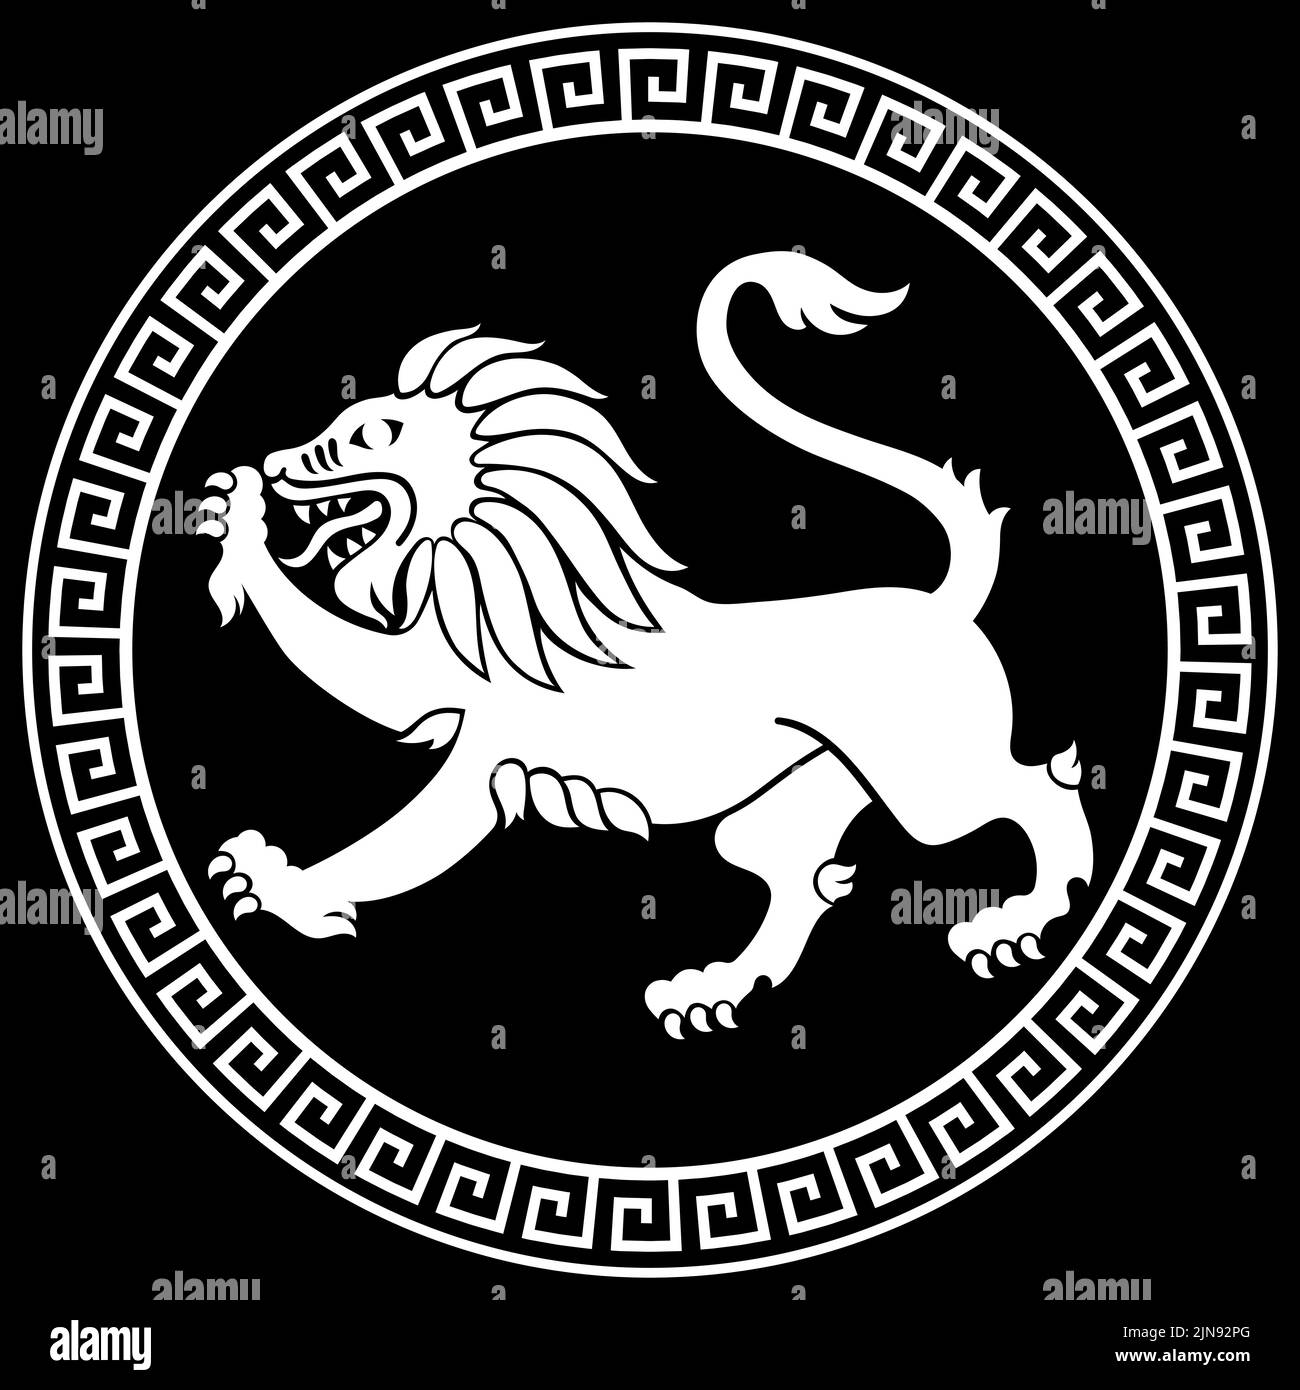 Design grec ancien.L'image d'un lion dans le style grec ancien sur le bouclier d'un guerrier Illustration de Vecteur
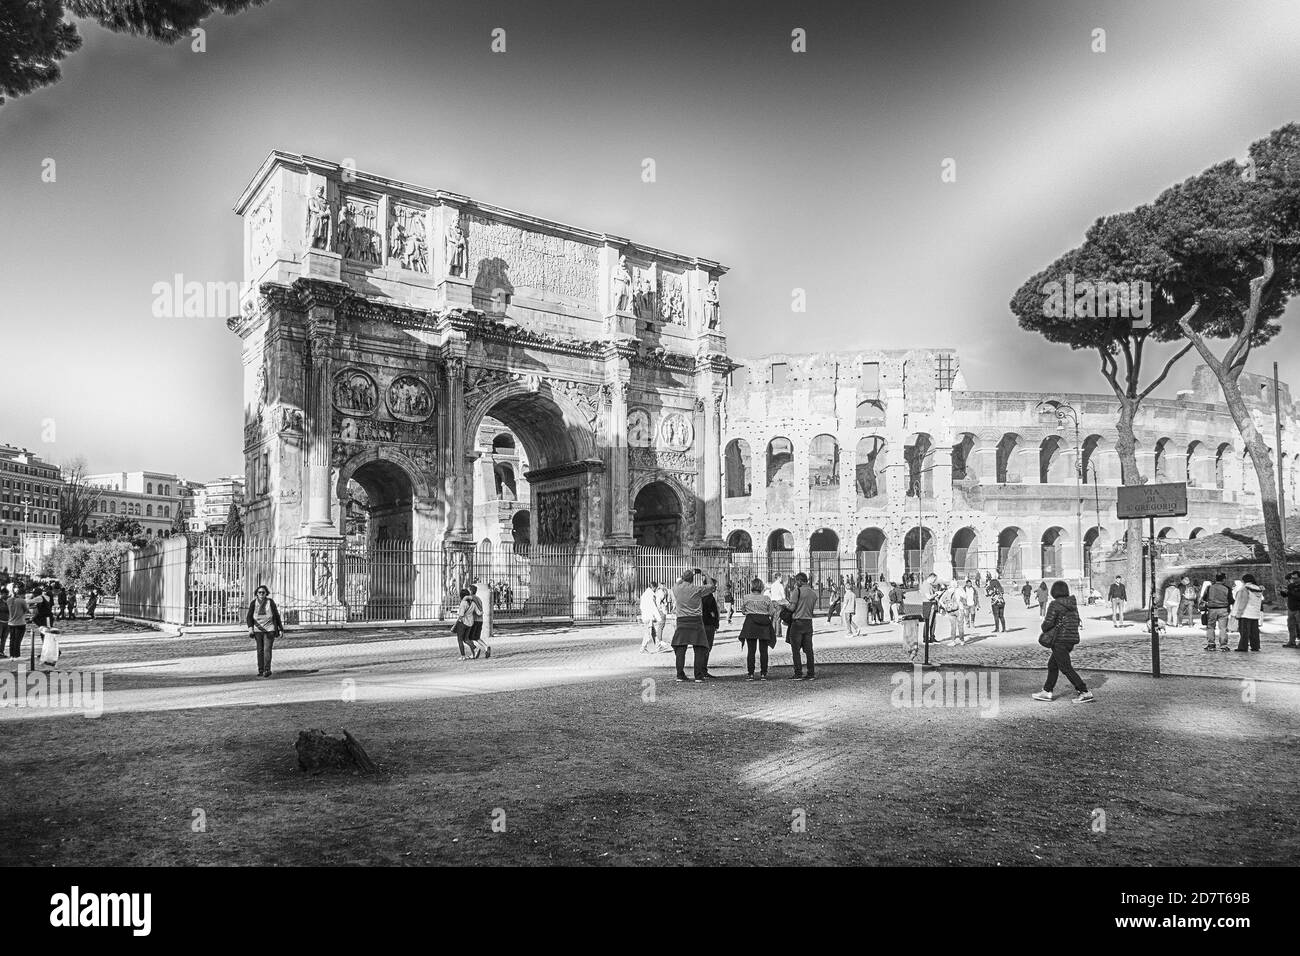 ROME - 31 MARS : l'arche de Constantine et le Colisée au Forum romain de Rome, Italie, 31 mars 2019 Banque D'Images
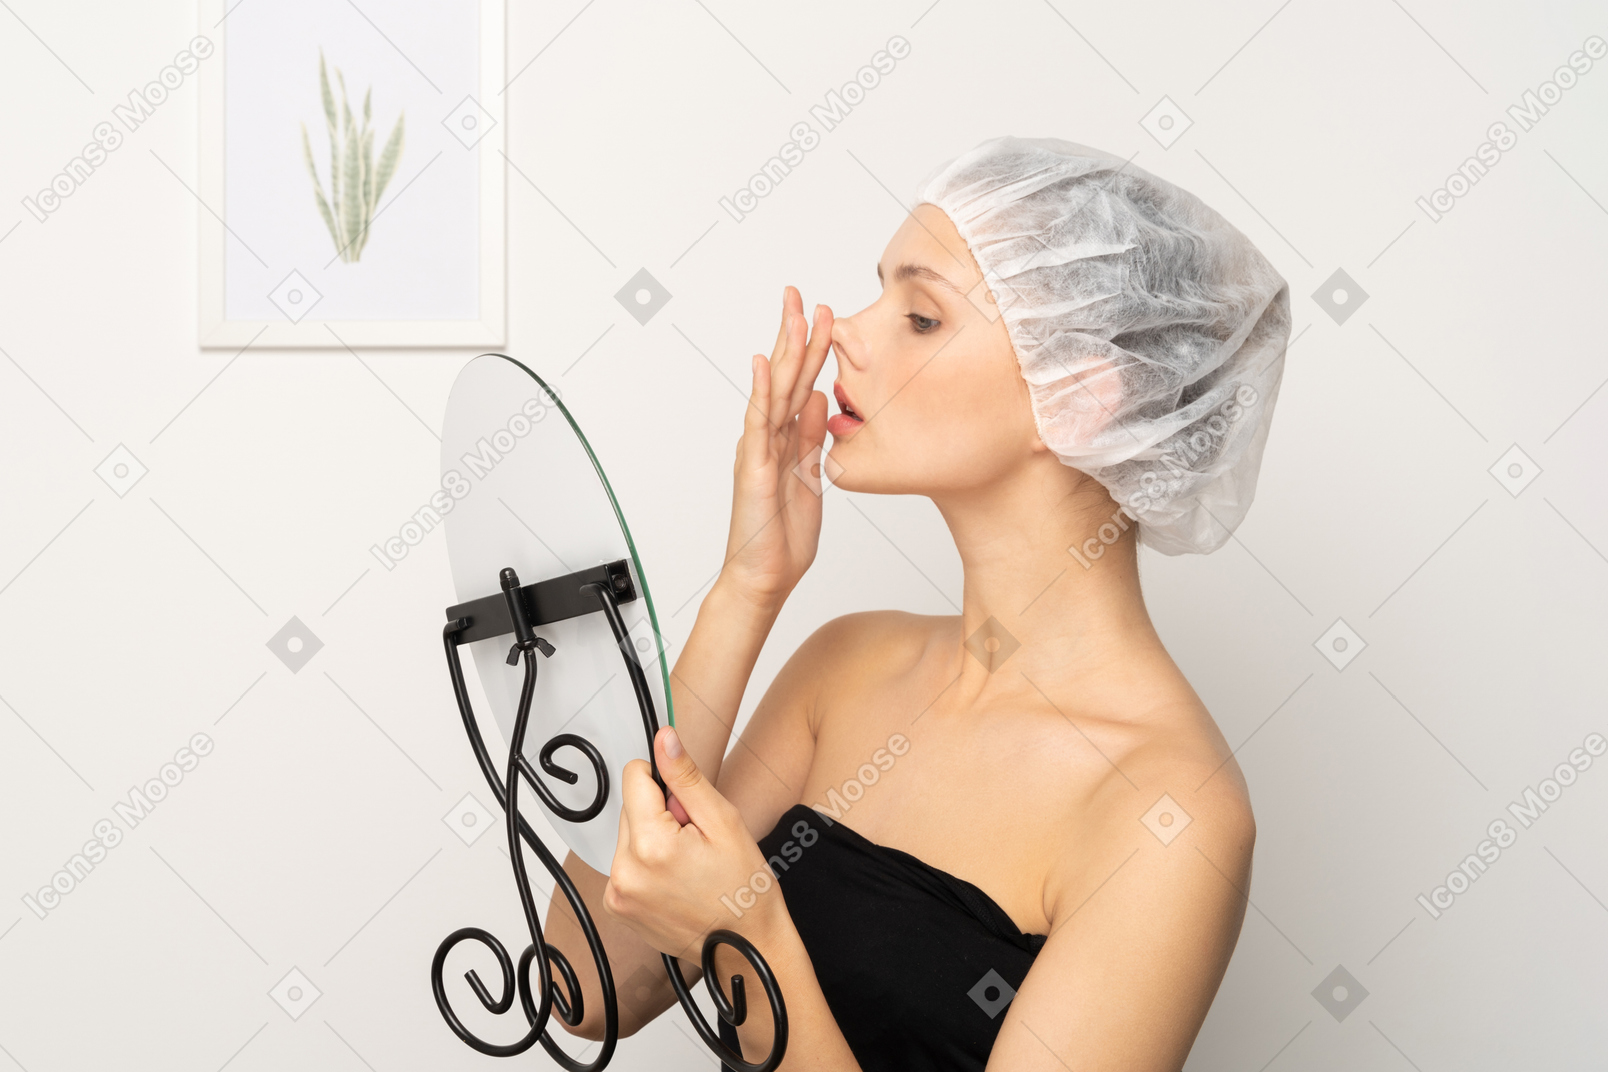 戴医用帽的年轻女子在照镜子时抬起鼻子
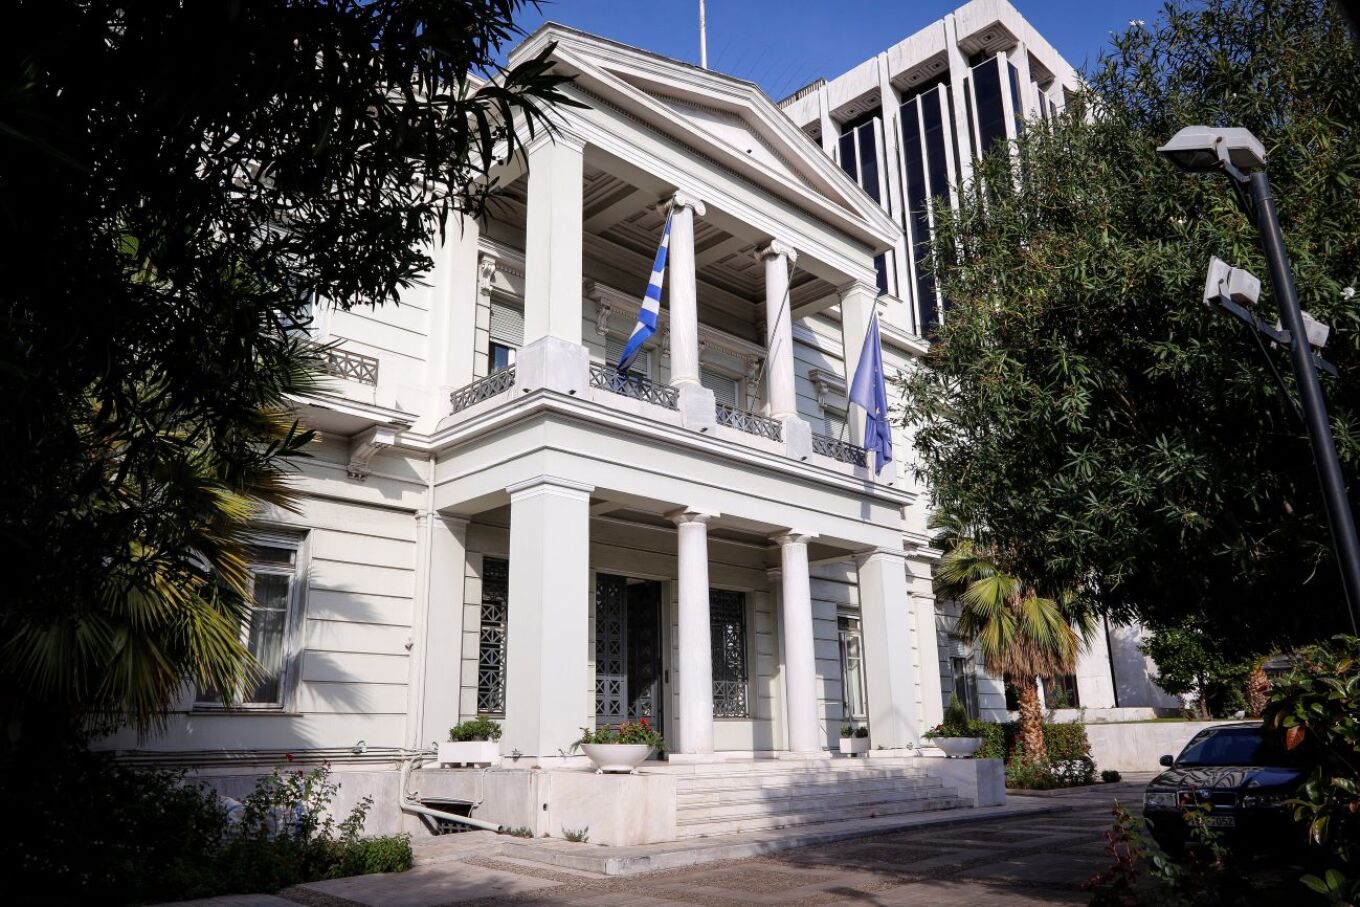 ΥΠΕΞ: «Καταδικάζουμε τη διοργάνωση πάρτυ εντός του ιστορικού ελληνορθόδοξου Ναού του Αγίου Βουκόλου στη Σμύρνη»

---+---

Repeat nothing but the lines from the one containing "ROME - 31 MARS" through the last line of the listing, both included, exactly as written, and omit any picture.

Response area:
 ROME - 31 MARS : l'arche de Constantine et le Colisée au Forum romain de Rome, Italie, 31 mars 2019 Banque D'Images
 戴医用帽的年轻女子在照镜子时抬起鼻子
 ΥΠΕΞ: «Καταδικάζουμε τη διοργάνωση πάρτυ εντός του ιστορικού ελληνορθόδοξου Ναού του Αγίου Βουκόλου στη Σμύρνη»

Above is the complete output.